Известно, что Ньютон стремился расширить арсенал средств, при помощи которых познание мира могло бы преодолевать ограниченность физического опыта. Отсюда его интерес к алхимии, отсюда же родство его понятия о всемирном тяготении с магико-оккультными представлениями о тайных силах, которыми наделена природа в целом и отдельные ее элементы. Надо сказать, что эта сторона мышления Ньютона долгое время выглядела парадоксальной в глазах исследователей, которые исходят из резкого противопоставления сферы научной рациональности (как она была очерчена дальнейшим развитием классической науки) и вне- или анти-научных форм мышления, куда заведомо относились и мистика, и алхимия. Теперь, когда сложное взаимодействие науки с культурным контекстом привлекло, наконец, внимание методологов и философов науки, и именно в нем стали искать и находить весомые причины научного развития, мы получили возможность по-иному оценивать значение интеллектуальных поисков Ньютона.
Я думаю, что обращение к мистике, герметизму и алхимии для Ньютона было не отступлением от рациональности науки и не данью пережиткам предшествующих, “донаучных” эпох, а обращением к предполагаемым резервам разума, расширяющим и углубляющим сферу возможного опыта.
До кантовского ригоризма, строго ограничивающего пределы, до которых может посягать теоретическая наука, было еще далеко.
Однако и для самого Ньютона подобные обращения были чем-то вроде борьбы с самим же собою, с “методом принципов”, которому придавалось такое огромное значение. Мы можем только догадываться, каких душевных затрат стоила ему эта борьба[198][198]. Но надо сказать, что рамки научного метода так и не были раздвинуты, а последующие поколения “ньютонианцев” сделали из этих рамок прямо-таки вериги, которые наука, в которой авторитет Ньютона был непререкаем, носила вплоть до рубежа XIX - XX веков.

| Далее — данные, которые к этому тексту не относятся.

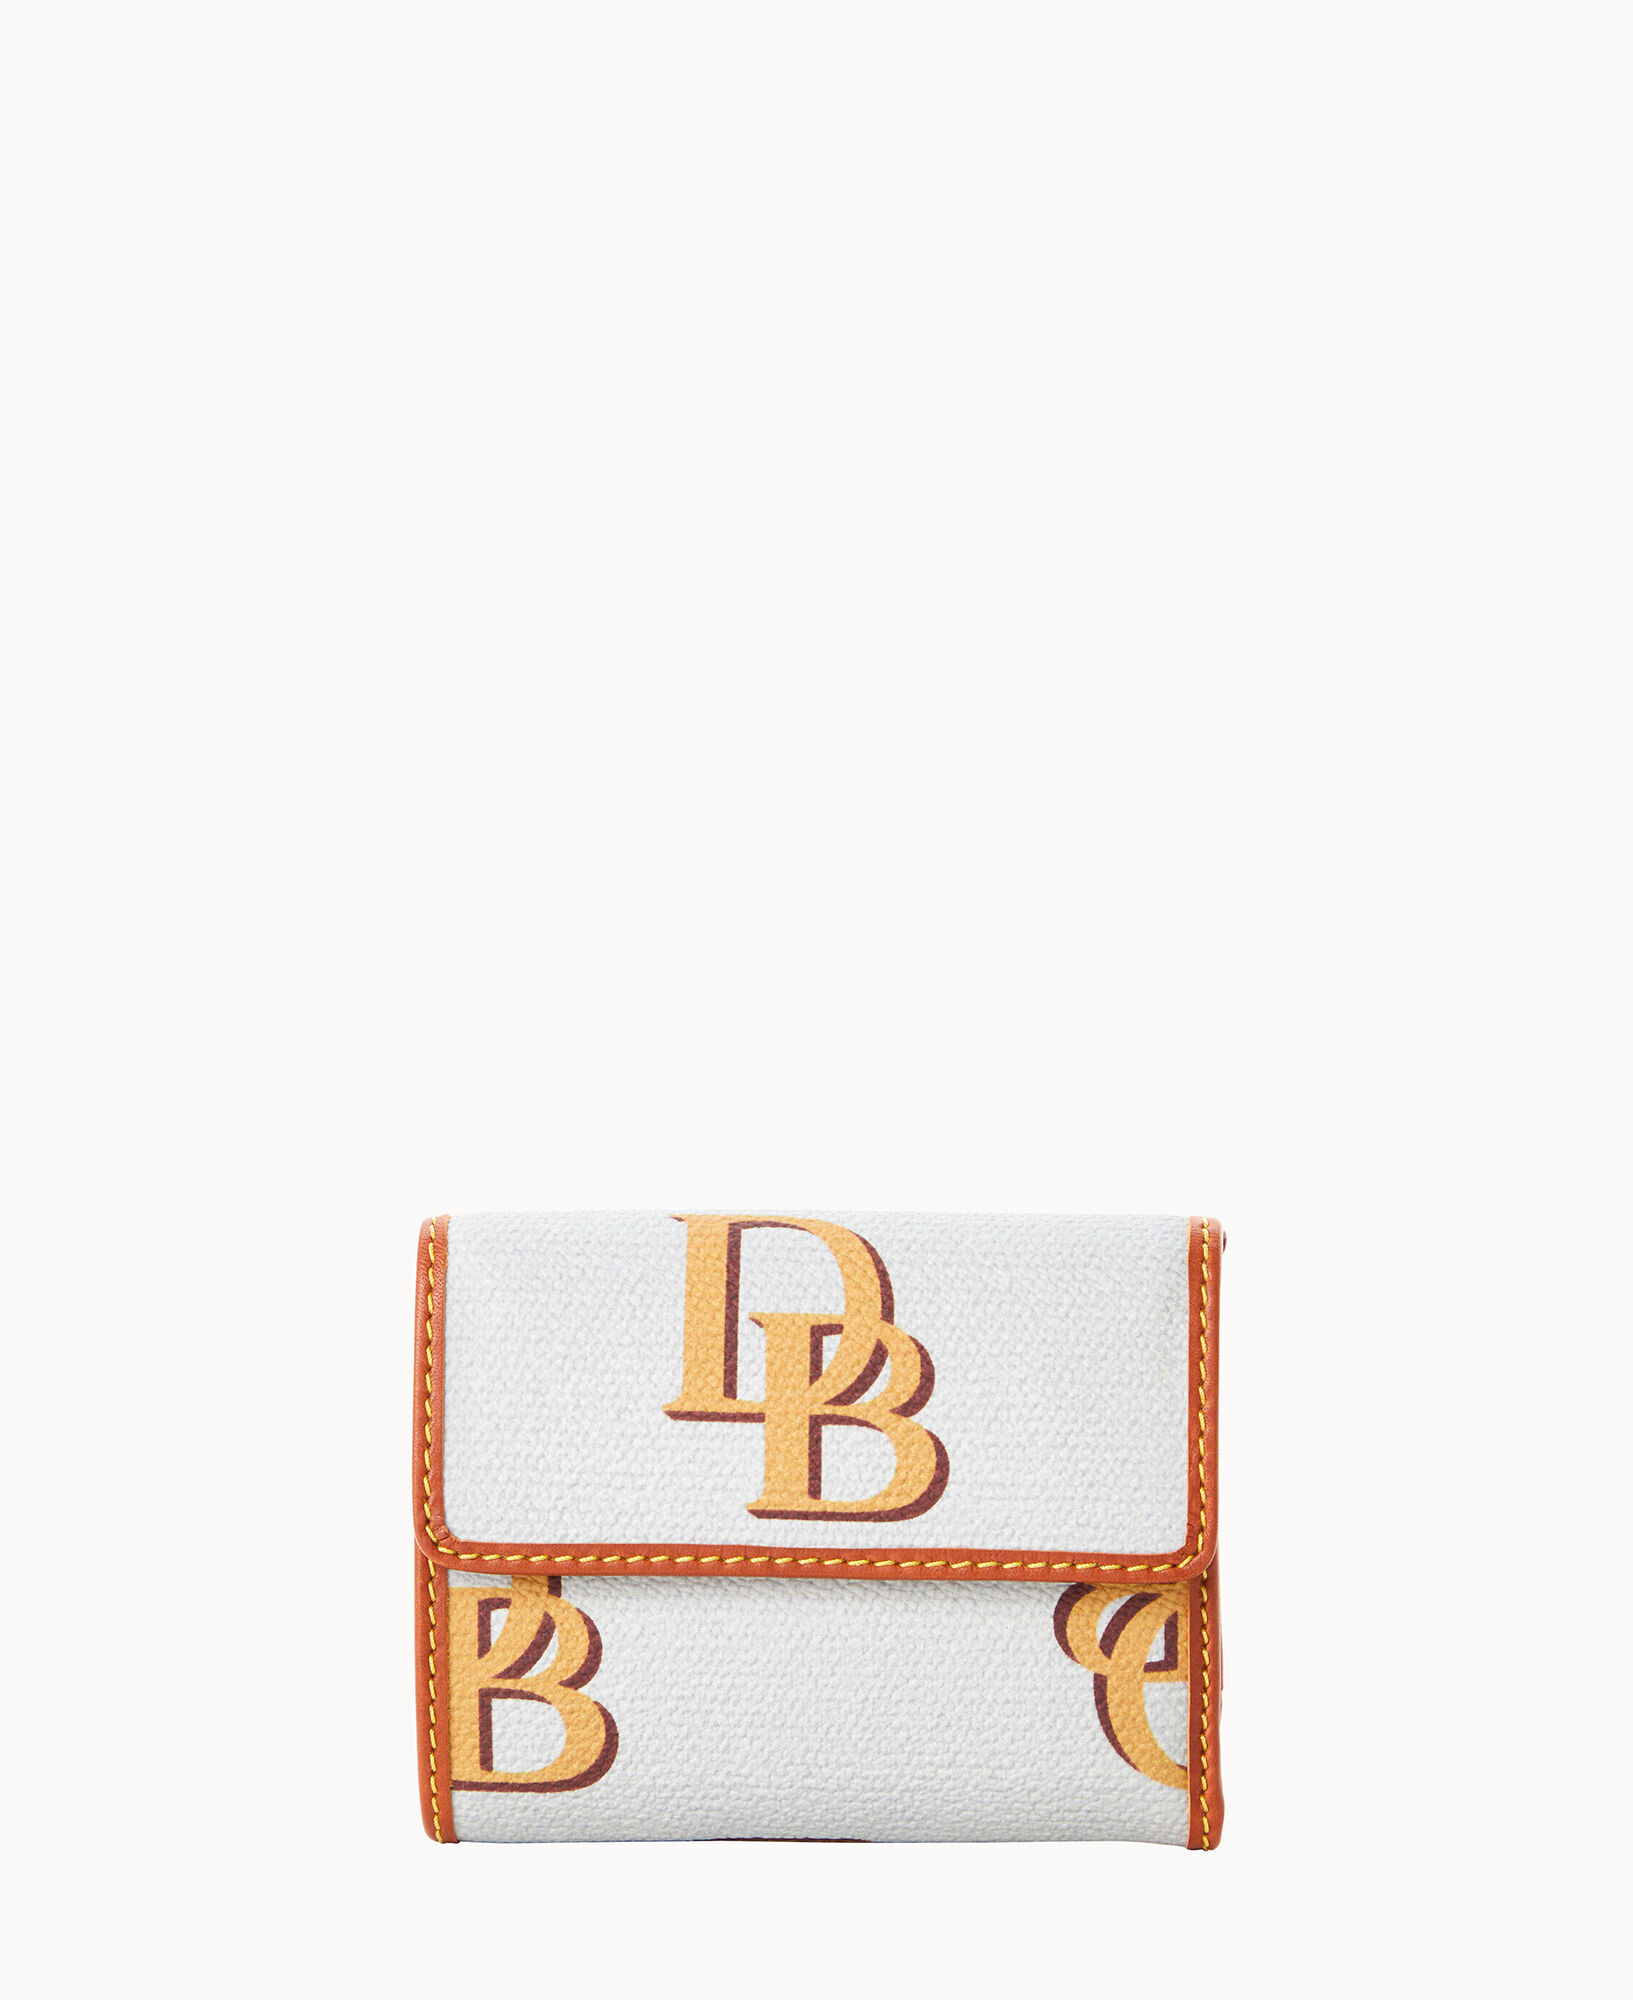 Dooney & Bourke Small Flap Wallet

Вот эта “методологическая зашоренность” ньютонианства и стала объектом критики романтиков. Гете видел особую привлекательность науки именно в том, что она, понимая принципиальную неполноту доступного ей знания о мире, неудержимо стремится к таинственным горизонтам, пытаясь заглянуть за них, даже если это противоречит существующим методологическим принципам и правилам. “Истинное, тождественное с Божественным, никогда не дает себя узнать прямо: мы видим его только в отблеске, в примере, символе, в отдельных и родственных явлениях, мы обнаруживаем его как непонятную жизнь и не можем отказаться от желания все же понять ее”, - писал он[199][199].

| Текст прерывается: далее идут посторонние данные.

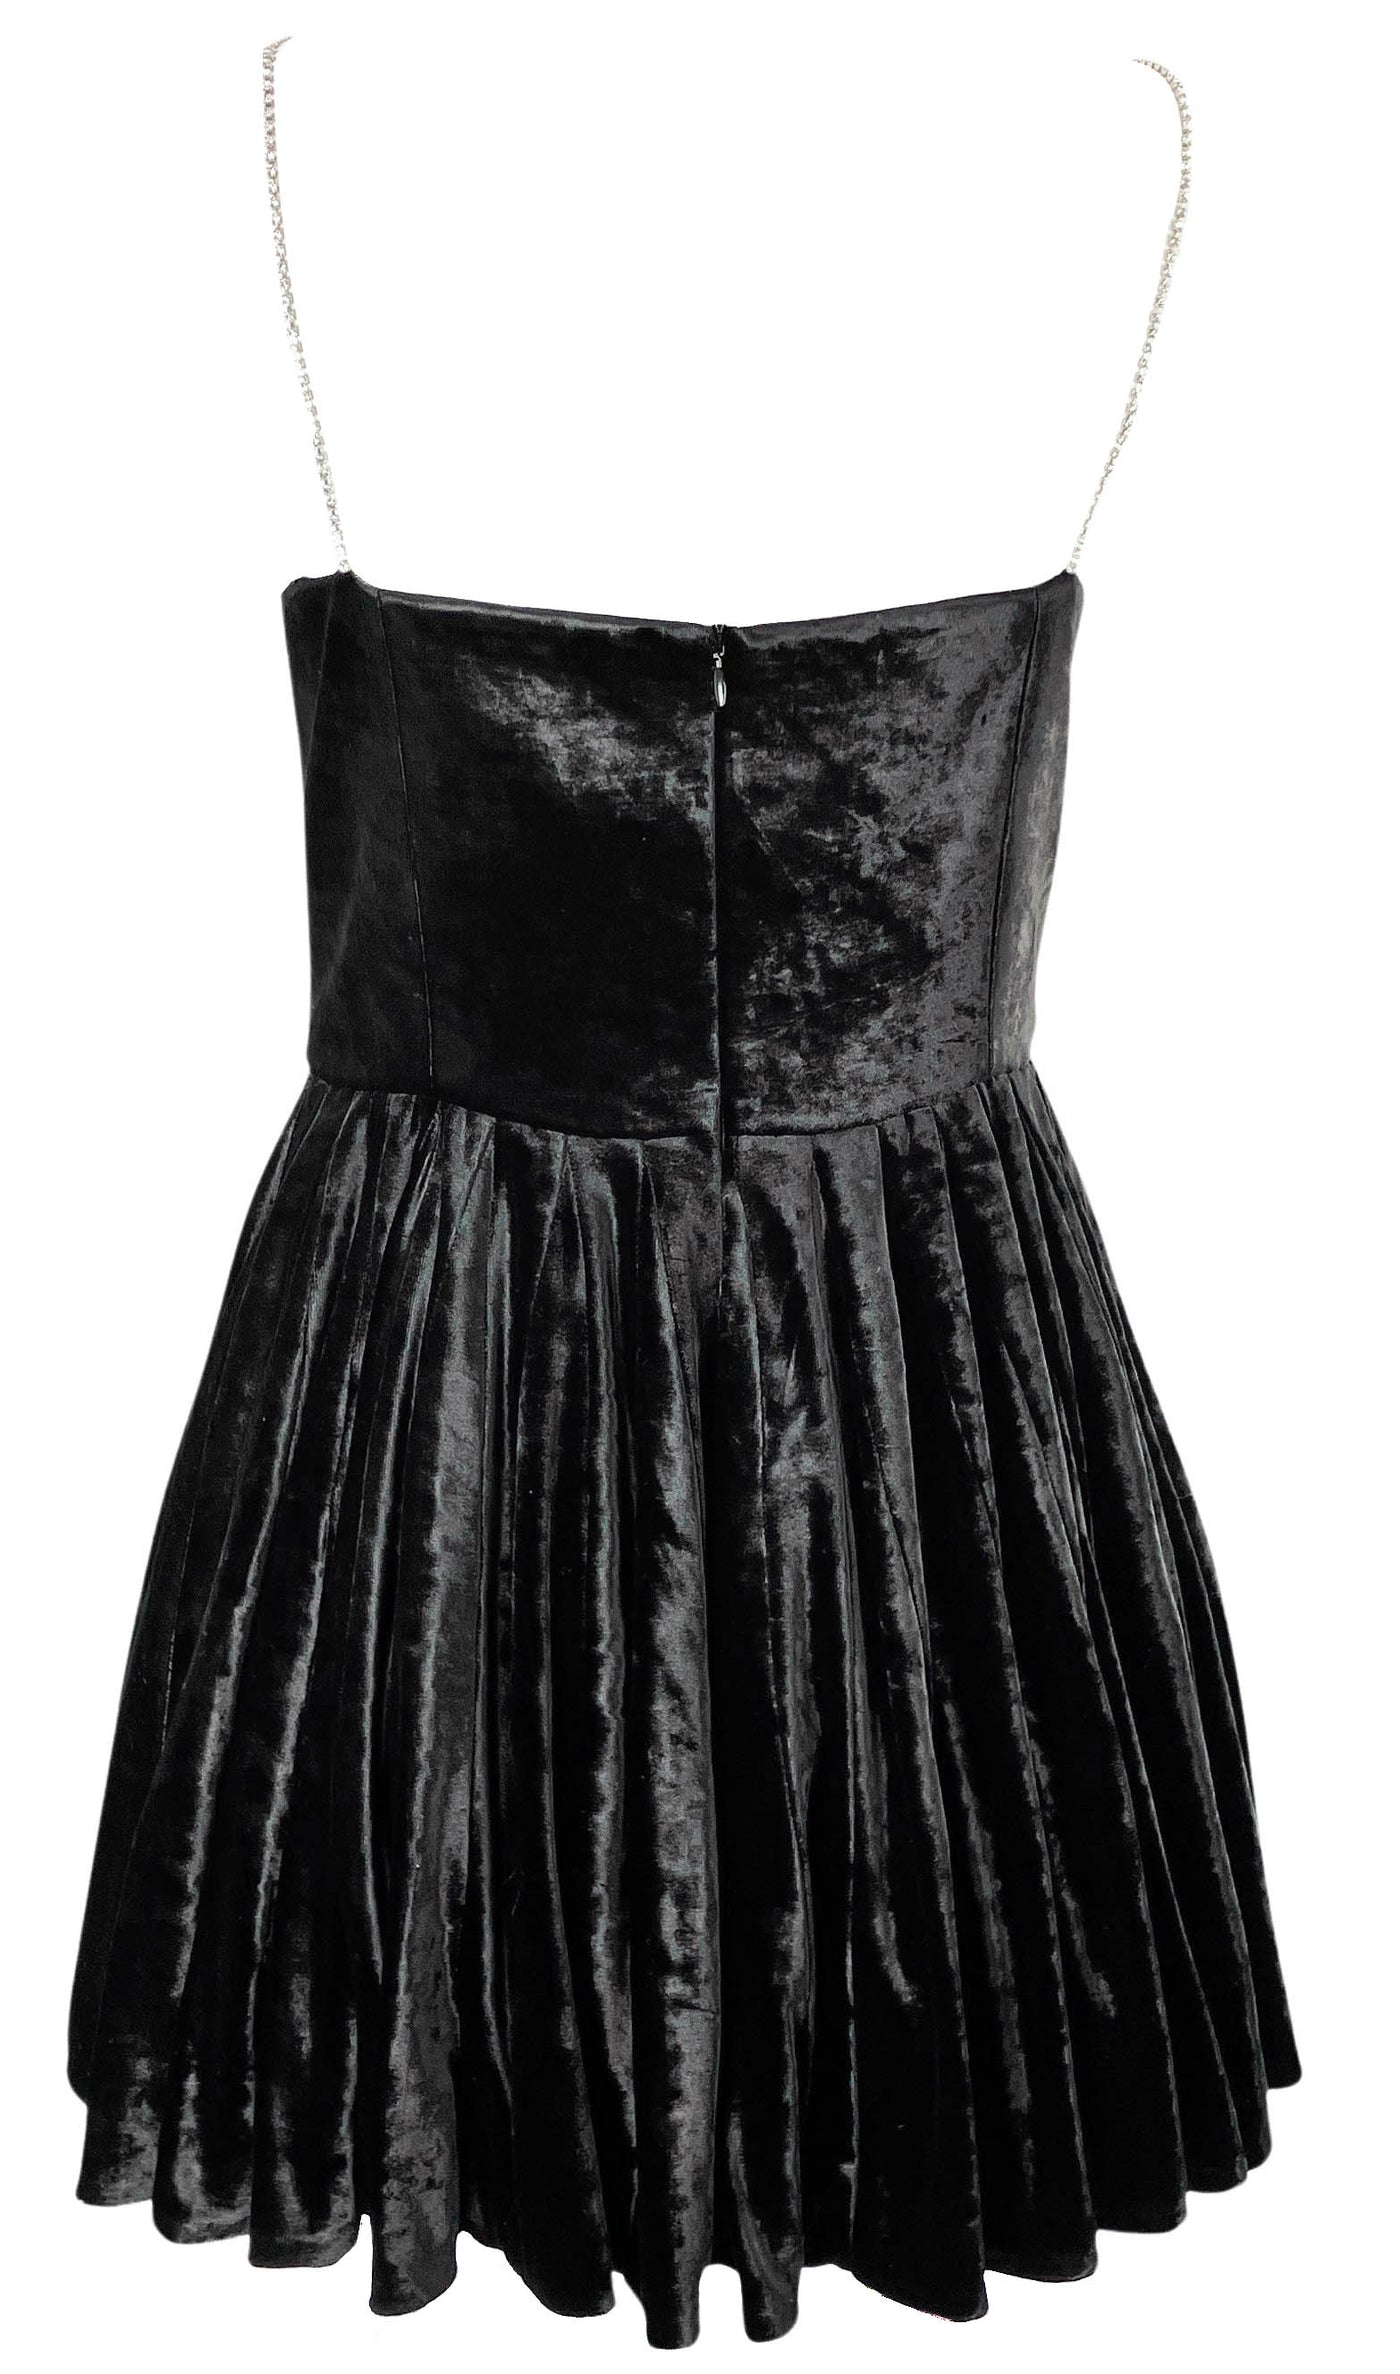 Magda Butrym Crystal-Embellished Velvet Mini Dress in Black - Discounts on Magda Butrym at UAL

Романтики обратились прежде всего к опыту и чувству индивидуальной личности в противовес объективистским претензиям науки; они выступили как критики ньютоновской науки и ее ценностей, глашатаи свободного, не связанного догмами и методологическими шорами творчества, близкого художественному вдохновению. Но это было движение не против науки, а за иную, не-ньютонианскую науку.

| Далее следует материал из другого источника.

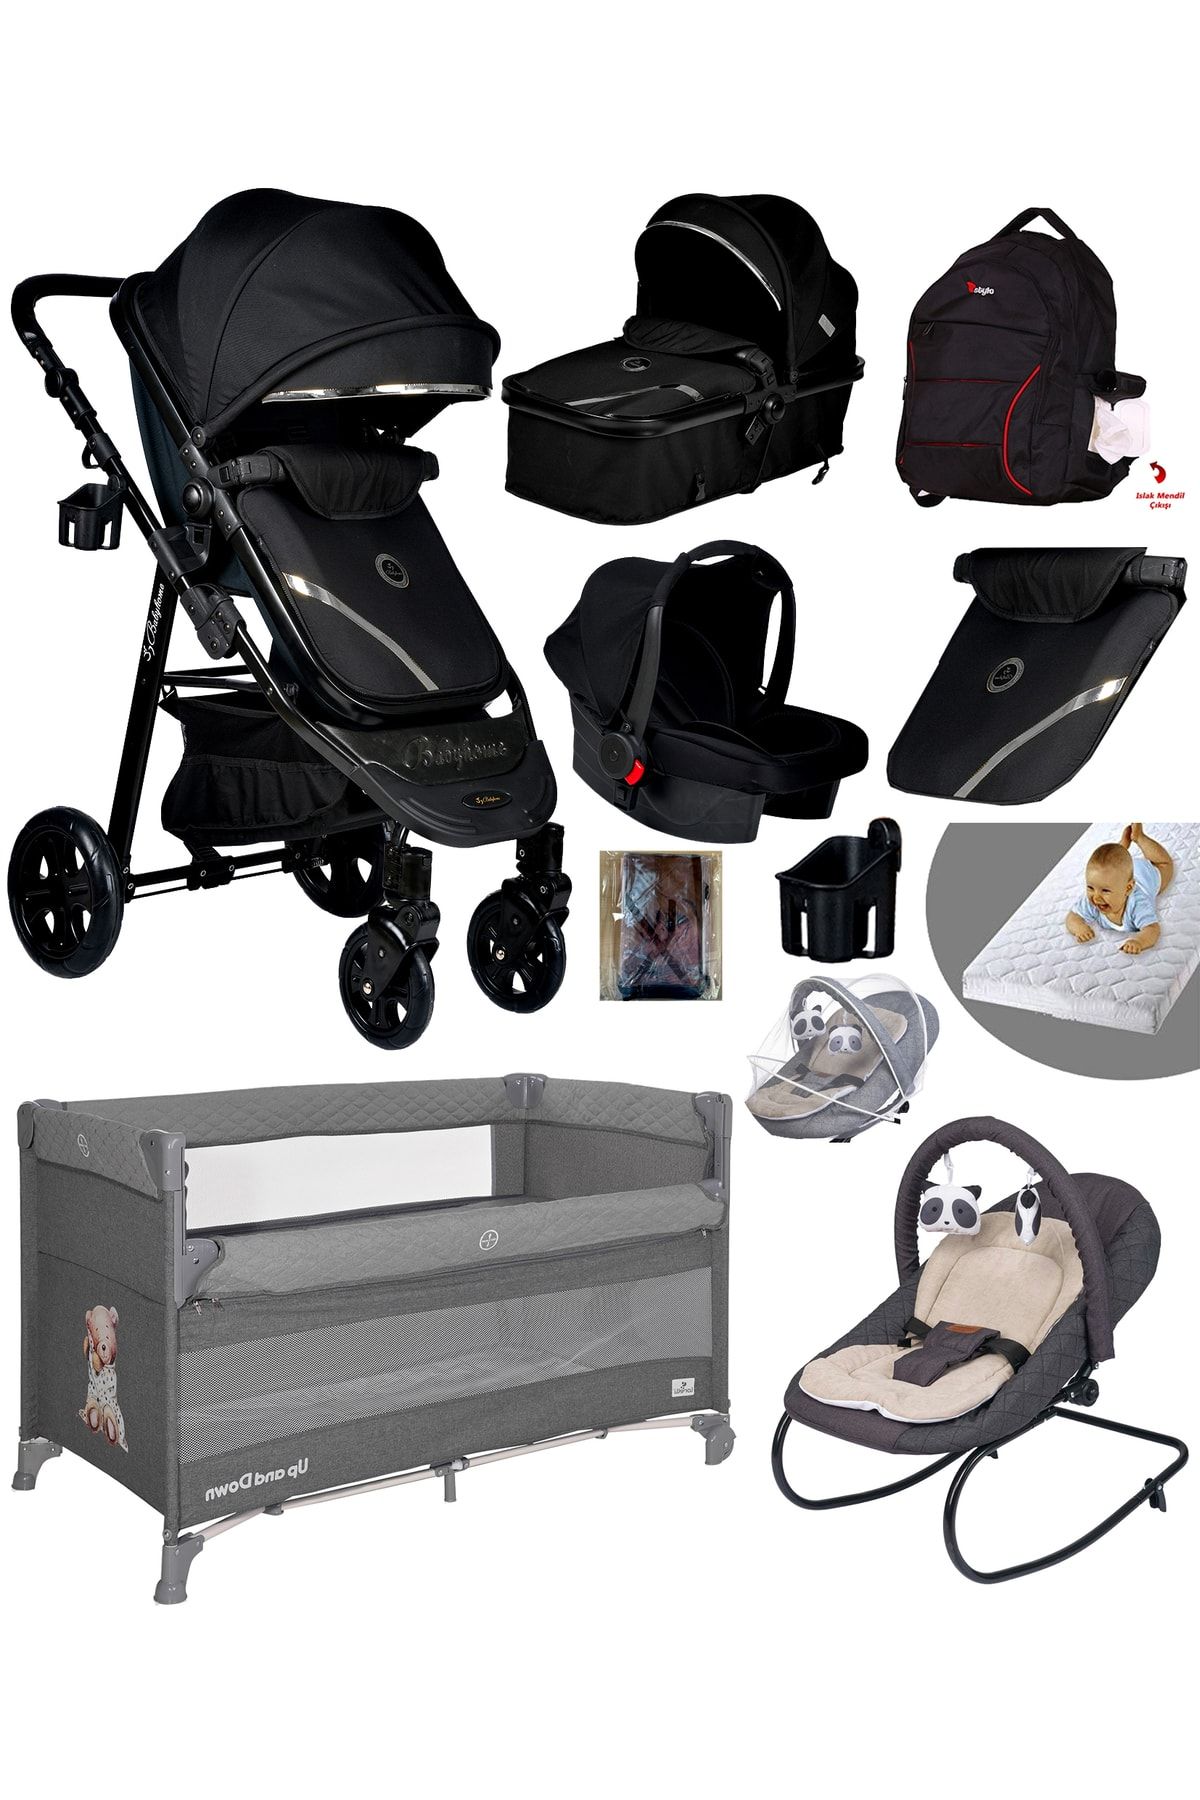 Baby Home Yeni Full Takım 10 In 1 940 Travel Sistem Bebek Arabası Anne Yanı Park Yatak Beşik Ve Ana Kucağı

Такое утверждение выглядит парадоксальным на фоне уже ставших традиционными утверждений о принципиально иррационалистическом мировоззрении романтиков, что, конечно, плохо согласуется с какой бы то ни было ориентацией на науку и ее ценности. Романтическое движение прочно связывается с мистицизмом, и именно это постоянно подчеркивается, когда говорят об интеллектуальной атмосфере романтизма. Находятся и более или менее убедительные объяснения этому мистицизму, корни которого ищутся то в социальных потрясениях и катаклизмах европейской истории конца XVIII столетия, то в кризисе идеалов Просвещения. Но было бы совершенно неверно рассматривать романтизм лишь как духовную реакцию на наступление времени “несбывшихся ожиданий”, как своего рода “декаданс”, сменивший пафос Разума и Исторического Прогресса, одухотворявший предшествующее культурное состояние европейского человечества.
“Ранний романтизм рождался в атмосфере особого духовного подъема. Глубочайшая политическая отсталость Германии, преграждая пути к прямому действию, издавна парадоксально способствовала высокой концентрации духовной энергии нации, возбуждаемой теперь и великими мировыми событиями. Могучий взрыв этой энергии обусловил расцвет романтической литературы, философии и эстетики, длившийся более четверти века”[200][200].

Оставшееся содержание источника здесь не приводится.